The conflict between the federal and state-by-state legality of cannabis has been a strategic opportunity for CannaRoyalty because institutional investors such as banks won’t touch the controversial substance. The firm invests or takes ownership stakes in pot producers and related businesses, giving investors a legal avenue to get involved in the booming industry.

Shares of CannaRoyalty (CSE:CRZ) were back up to around $4.35 in midday trading.

It’s been a volatile week elsewhere in the Ottawa area, as cannabis producer Canopy Growth (TSX:WEED) saw its share price fluctuate wildly after seeing gains over the holiday season. Shares of the Smith Falls-based firm ranged between $30 and $35 in the first week of the year, trading around $33 as of midday Friday.

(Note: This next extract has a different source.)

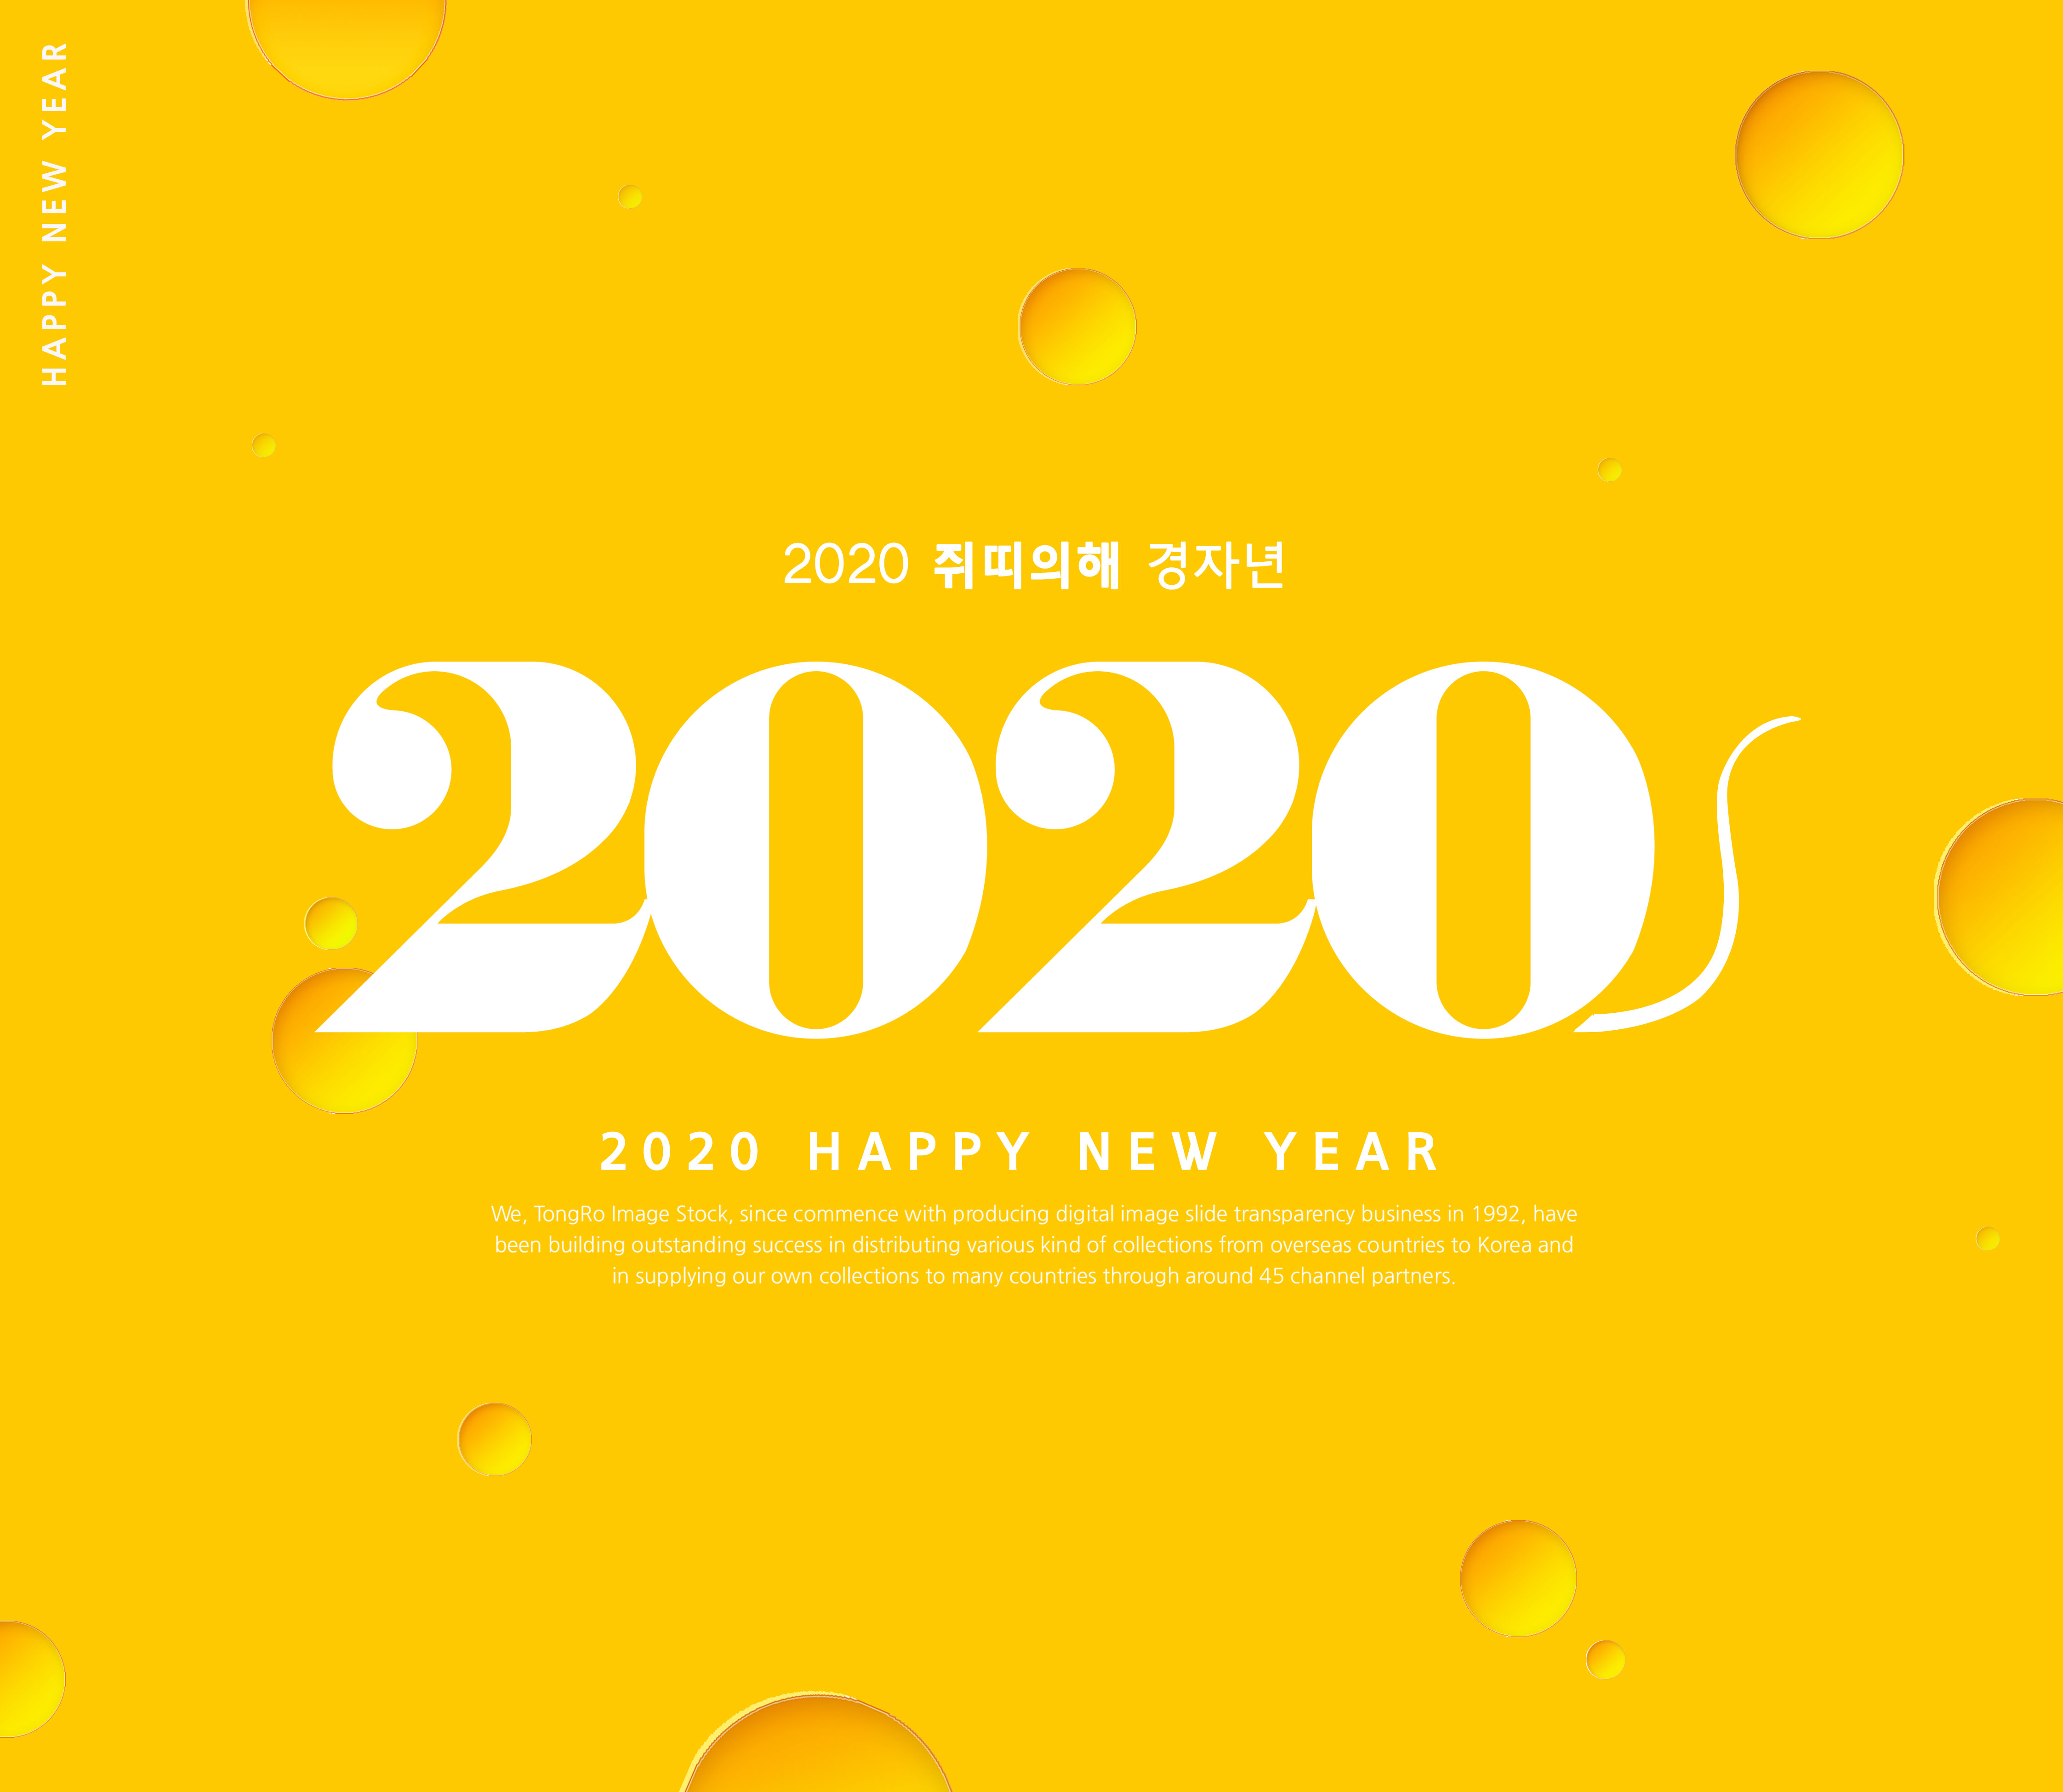 2020新年快乐主题海报模板合辑[PSD]插图(6)

More broadly, some observers and industry players say the crackdown will be a boon for the Canadian cannabis industry.

Echelon Wealth Partners analyst Russell Stanley said if marijuana continues to be illegal at the federal level, it will benefit Canada as this will suppress the rise of any large U.S. cannabis companies to challenge Canadian marijuana producers as they expand globally.

“It keeps the U.S. out of that game and it allows Canada to pursue these opportunities with relatively little competition,” he said.

Cam Battley, the executive vice-president of Edmonton-based licensed marijuana producer Aurora Cannabis Inc. (TSX:ACB), called Sessions’s stance “misguided public policy” that is counter to broader U.S. public opinion. However, he also said this will drive additional U.S. investment and investors north of the border.

“It cements the fact that we will not be seeing for the foreseeable future, well-capitalized U.S. competitors as we expand our operations around the world,” said Battley. “And it just prolongs that unusual situation, where large-cap Canadian cannabis companies have the world to ourselves.”